Violence at demonstrations, illegal detentions, physical and emotional intimidation of the local community, threats of sexual violence, lying in court and fitting people up. These have been part of the modus operandi of the Gardaí there for the best part of a decade.
Taken together they are the largest group of complaints against the police force since the formation of the state. In recognition of how off-the-scale this is Bishop Desmond Tutu, a veteran of anti-apartheid struggles in South Africa, has joined calls for fully independent and international inquiry into policing at Corrib.
Yet no prosecutions forthcoming, and no disciplinary action taken. The Garda commissioner simply refused to follow the only GSOC recommendation for disciplinary action from hundreds of complaints. This was against a named Superintendent who is now serving in Pearse Street regularly policing political demonstrations. He recklessly forced a digger through a group of peaceful protestors on a pier in 2007.
GSOC’s Chairperson sent correspondence to the complainant that says everything about the organisation’s lack of bite. “It is important to note that the Act does not ascribe to the Commission a role whereby it can make a finding against a member of the Garda Síochána or the Garda Síochána as an organization.”
GSOC didn’t even attempt to fulfill its role in what became know as the “rape tapes”. The Gardaí arrested two women (who they released without charge) and accidentally recorded themselves laughing about using the threat of rape and deportation against them to force information from them. GSOC themselves began an ‘investigation’.
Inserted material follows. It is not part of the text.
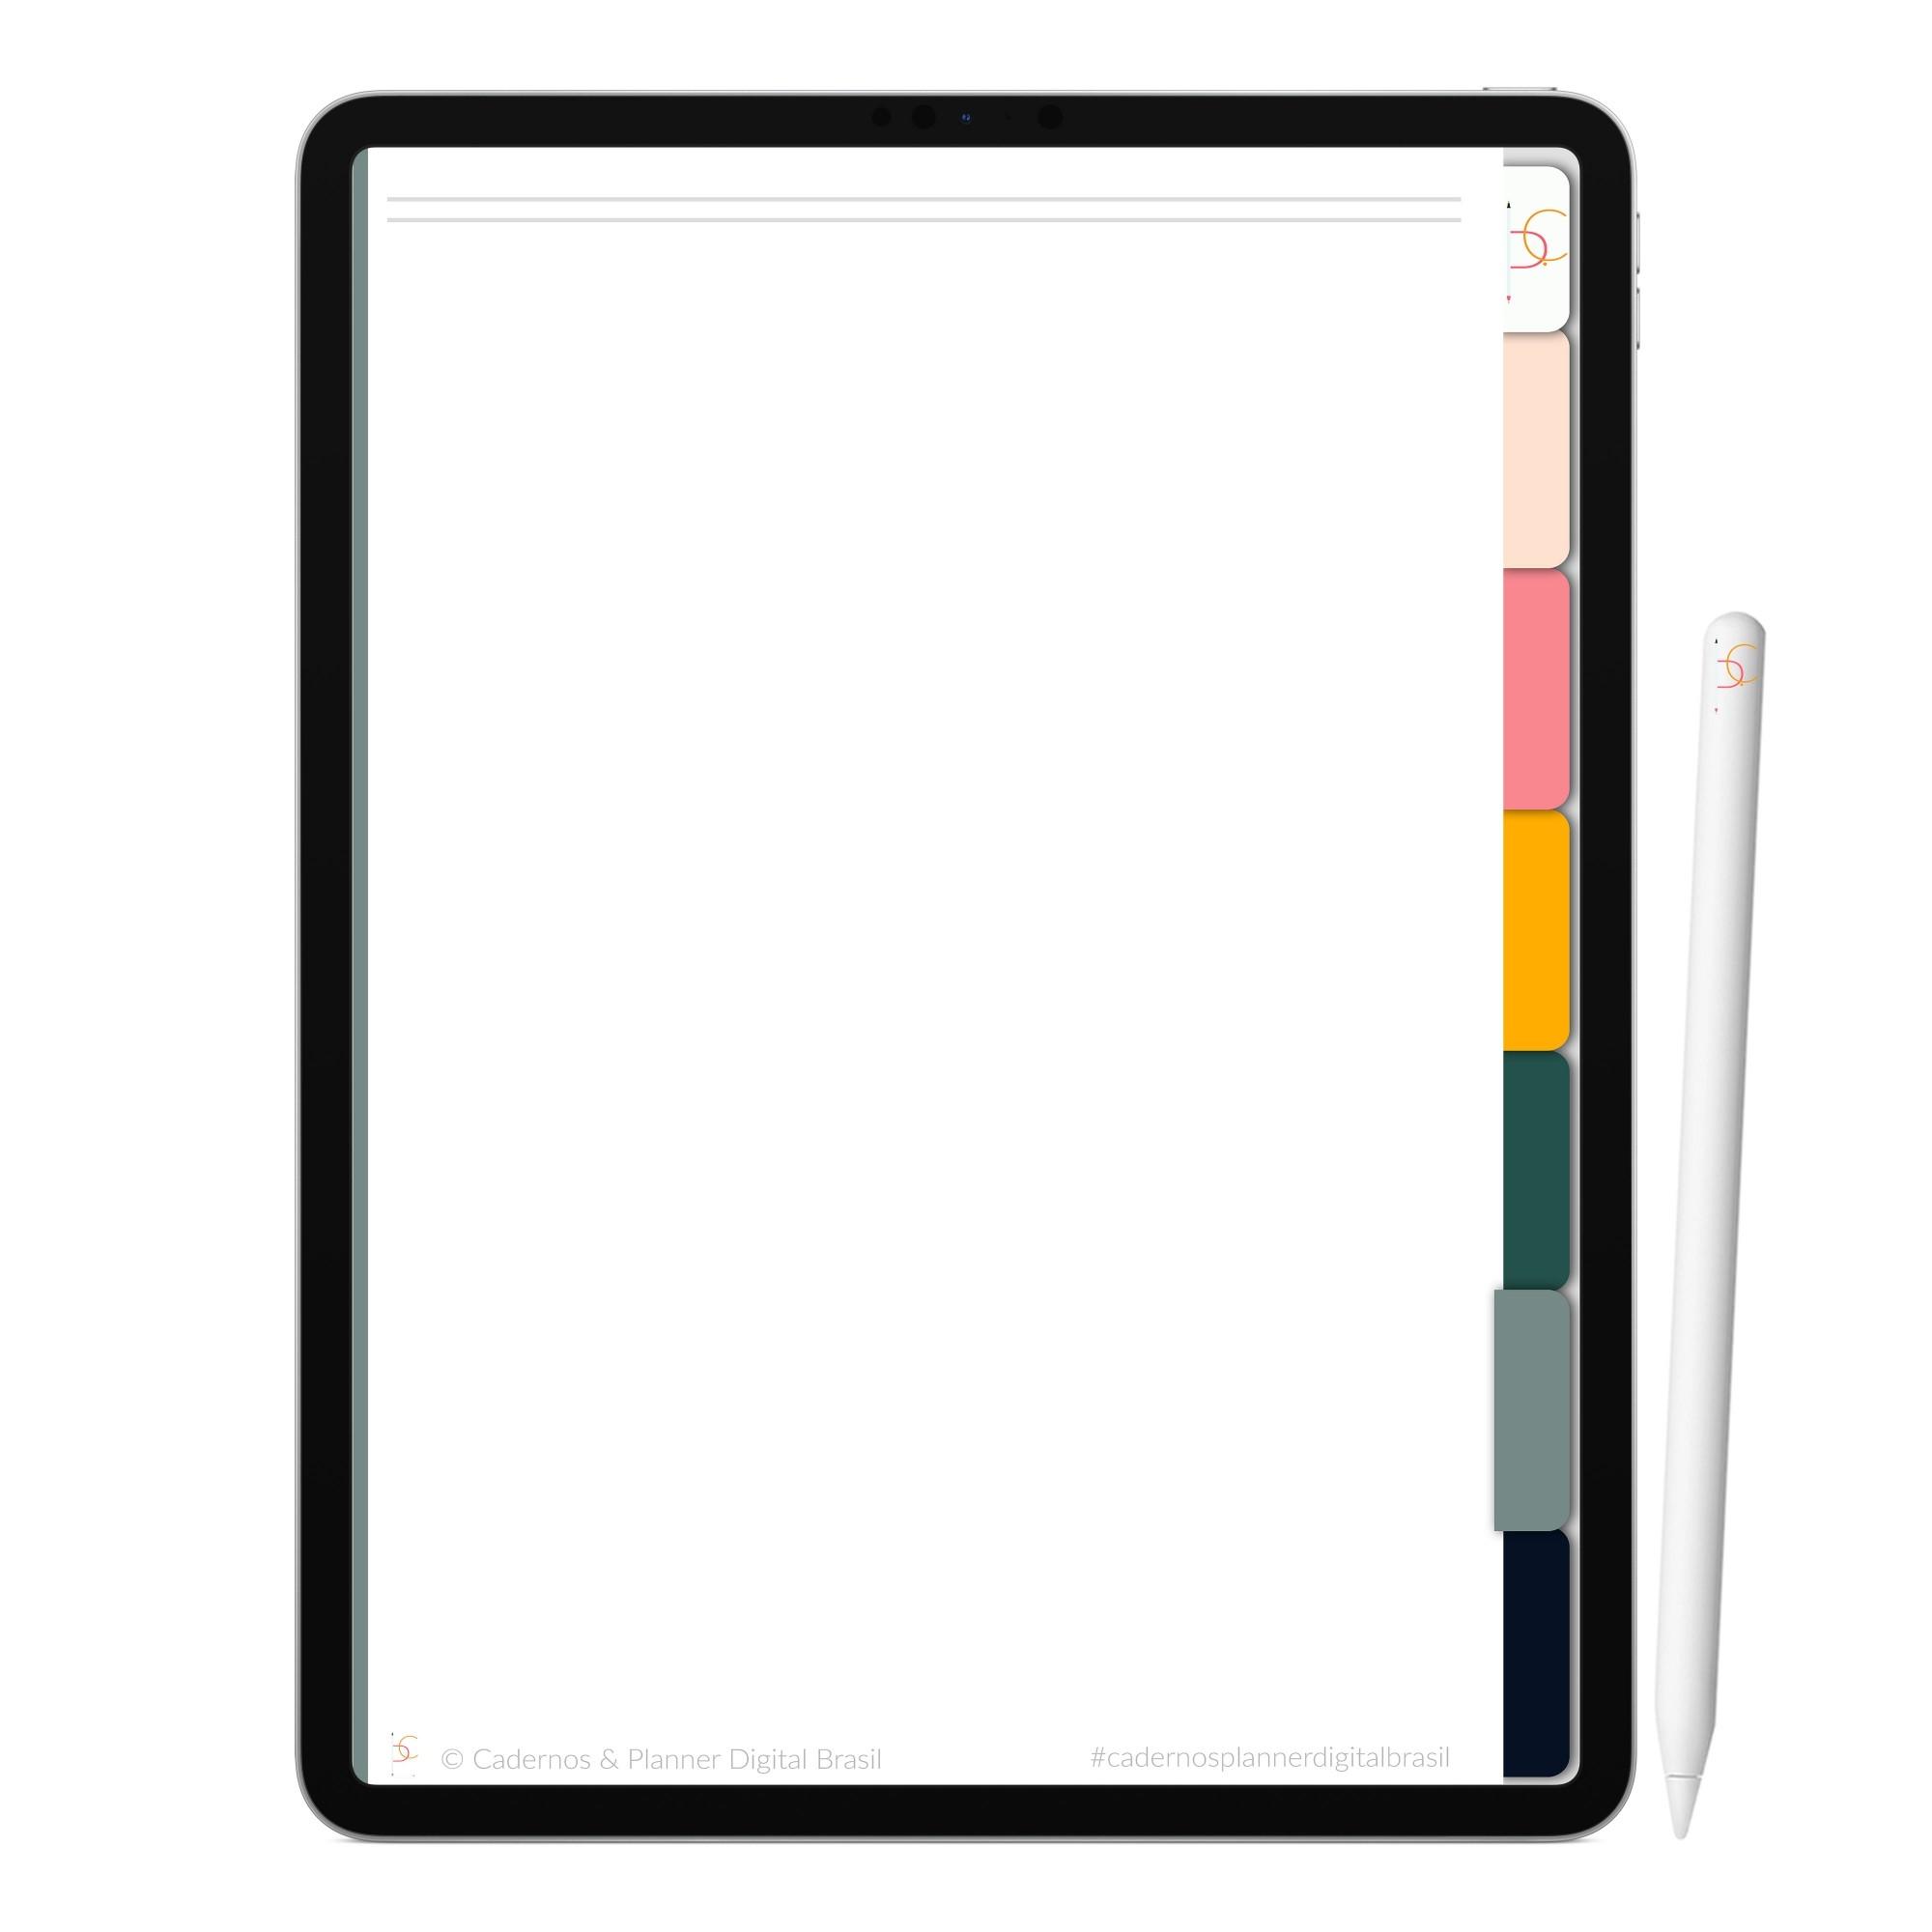 Caderno Digital Olive | Seis Divisórias Interativo| iPad Tablet | Download Instantâneo

They briefed journalists that the women were resisting the investigation. The women were subsequently treated to spin, lies and intimidation by GSOC, the Dept of Justice and Garda Press Office, who co-ordinated false claims of tampering with digital files. RTÉ’s Paul Reynolds made the same claim for which RTÉ was forced to broadcast an apology.
Martin Callinan has been sacked. There have been many calls for Alan Shatter to follow him. But the road to Garda accountability is much longer than that, and it runs through GSOC too.